После обеда Керри ушла в ванную, где никто не мог ей помешать, и написала записку.
«Прощай, Минни! Я не еду домой. Я остаюсь в Чикаго и буду искать работу. Не беспокойся обо мне, все будет хорошо».
Гансон сидел в гостиной и читал газету.
Керри, по обыкновению, помогла Минни вымыть посуду, убрать со стола и привести комнату в порядок. Потом она сказала:
— Я, пожалуй, сойду вниз и постою немного в подъезде.
Произнося эти слова, она с трудом сдерживала дрожь в голосе.
Минни вспомнила про недовольство мужа и сказала:
— Свен считает, что не очень-то прилично стоять в подъезде.
— Вот как? — удивилась Керри. — Хорошо, это будет в последний раз.
Она надела шляпу, потом засуетилась возле столика в маленькой спальне сестры, не зная, куда положить записку. Наконец она сунула ее под щетку для волос, которой пользовалась Минни.
Выйдя из квартиры и закрыв за собой дверь, девушка на минуту остановилась, спрашивая себя, что подумают о ней сестра и зять. Необычность этого поступка пугала ее. Медленно спустилась Керри по лестнице. Оглянувшись на освещенный подъезд, она двинулась в путь, делая вид, что просто прогуливается по улице. Дойдя до ближайшего угла, она ускорила шаг.
В то время как Керри быстро удалялась от дома, Гансон вышел из гостиной и, окликнув жену, спросил:
— Керри опять внизу?
— Да, — сказала Минни. — Но она обещала мне, что это в последний раз.

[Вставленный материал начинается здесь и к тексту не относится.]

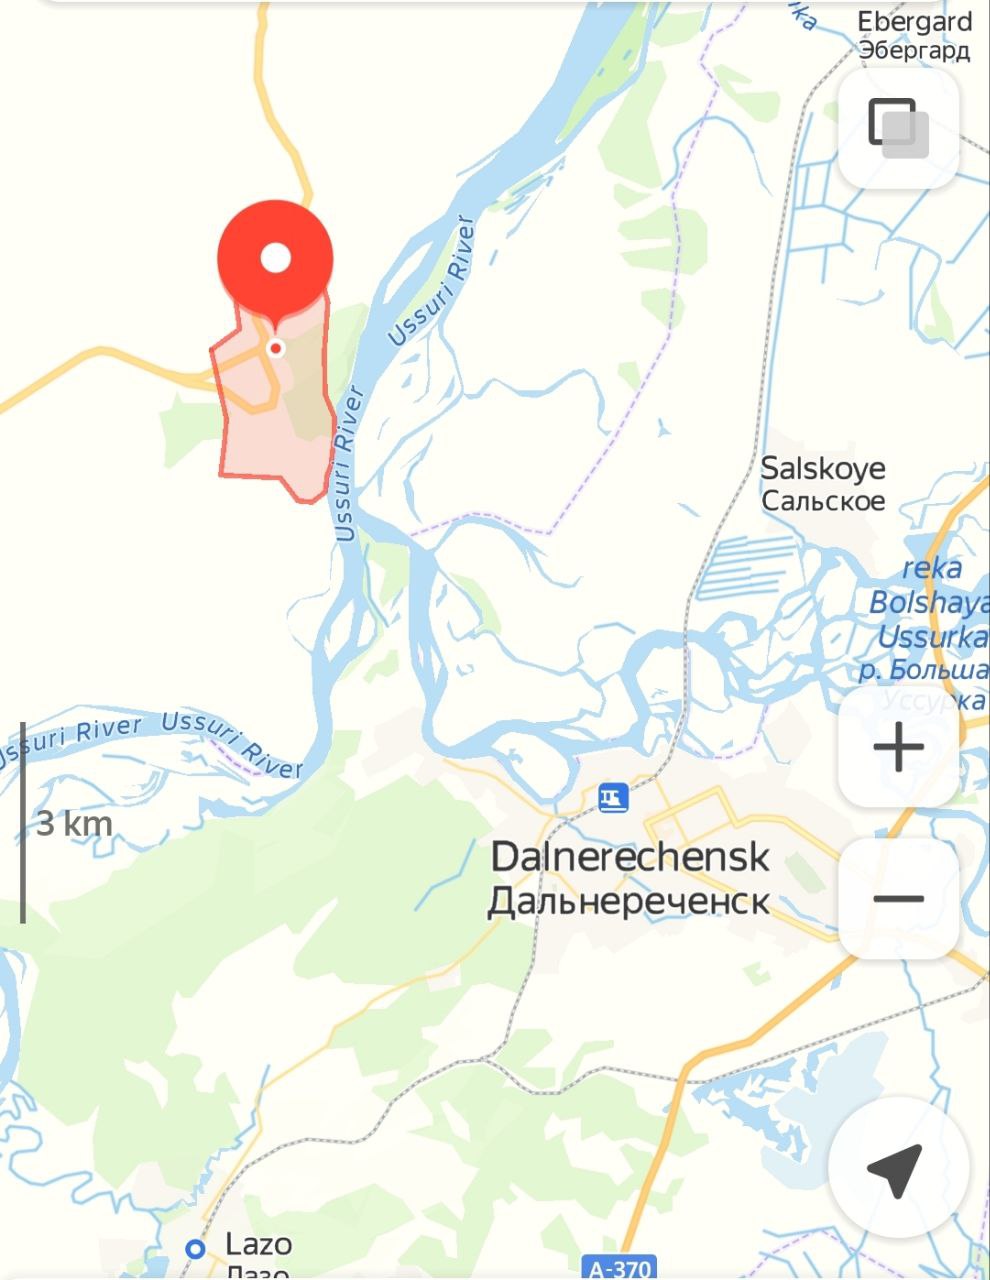 Скриншот: Яндекс.Карты

Гансон подошел к игравшему на полу ребенку и пощекотал его пальцем.
А в это время Друэ в прекрасном настроении ждал на углу.
— Ну что, Керри? — сказал он, когда девушка легкой походкой подошла к нему. — Надеюсь, выбрались благополучно? Теперь давайте сядем в конку.
8. Зима напоминает о себе. Судьба шлет посла
Человек без житейского опыта — это былинка, увлекаемая бушующими по вселенной ветрами… Наша цивилизация находится еще на середине своего пути. Мы уже не звери, ибо в своих действиях руководствуемся не только одним инстинктом, но еще и не совсем люди, ибо мы руководствуемся не только голосом разума. Тигр не отвечает за свои поступки. Мы видим, что природа наградила его всем необходимым для его жизни, — он бессознательно повинуется врожденным инстинктам и находит в них защиту. И мы видим, что человек далеко ушел от логовища в джунглях, его инстинкты притупились с появлением собственной воли, но эта воля еще не настолько развилась, чтобы занять место инстинктов и безошибочно точно управлять его поступками. Человек становится слишком мудрым, чтобы всегда подчиняться голосу инстинктов и желаний, но он еще слишком слаб, чтобы всегда
побеждать их. Пока он был зверем, силы природы влекли его за собой, но и став человеком, он еще не вполне научился подчинять их себе. Будучи в таком переходном состоянии, человек уже не руководствуется слепо инстинктами, и не действует в гармонии с природой, но еще и не настолько мудр, чтобы создать другую гармонию, подвластную его воле. Вот почему человек подобен подхваченной ветром былинке: во власти порывов страстей он действует то под влиянием воли, то инстинкта, он ошибается и исправляет свои ошибки, падает и снова поднимается; он — существо, чьи поступки невозможно предугадать. Нам остается только утешать себя мыслью, что эволюция человека никогда не прекратится, ибо идеал — светоч, который не может погаснуть. Человек не будет вечно колебаться между добром и злом. Когда кончится распря между разумной волей и инстинктом, когда глубокое знание жизни позволит первой из этих сил окончательно занять место второй, человек перестанет быть непостоянным. Стрелка разума тогда твердо, без колебаний будет устремлена на далекий полюс истины.В Керри, как и в каждом человеке, борьба между желанием и разумом не прекращалась ни на минуту. Послушная своим стремлениям, она шла не по твердо намеченному пути, а скорее плыла по течению.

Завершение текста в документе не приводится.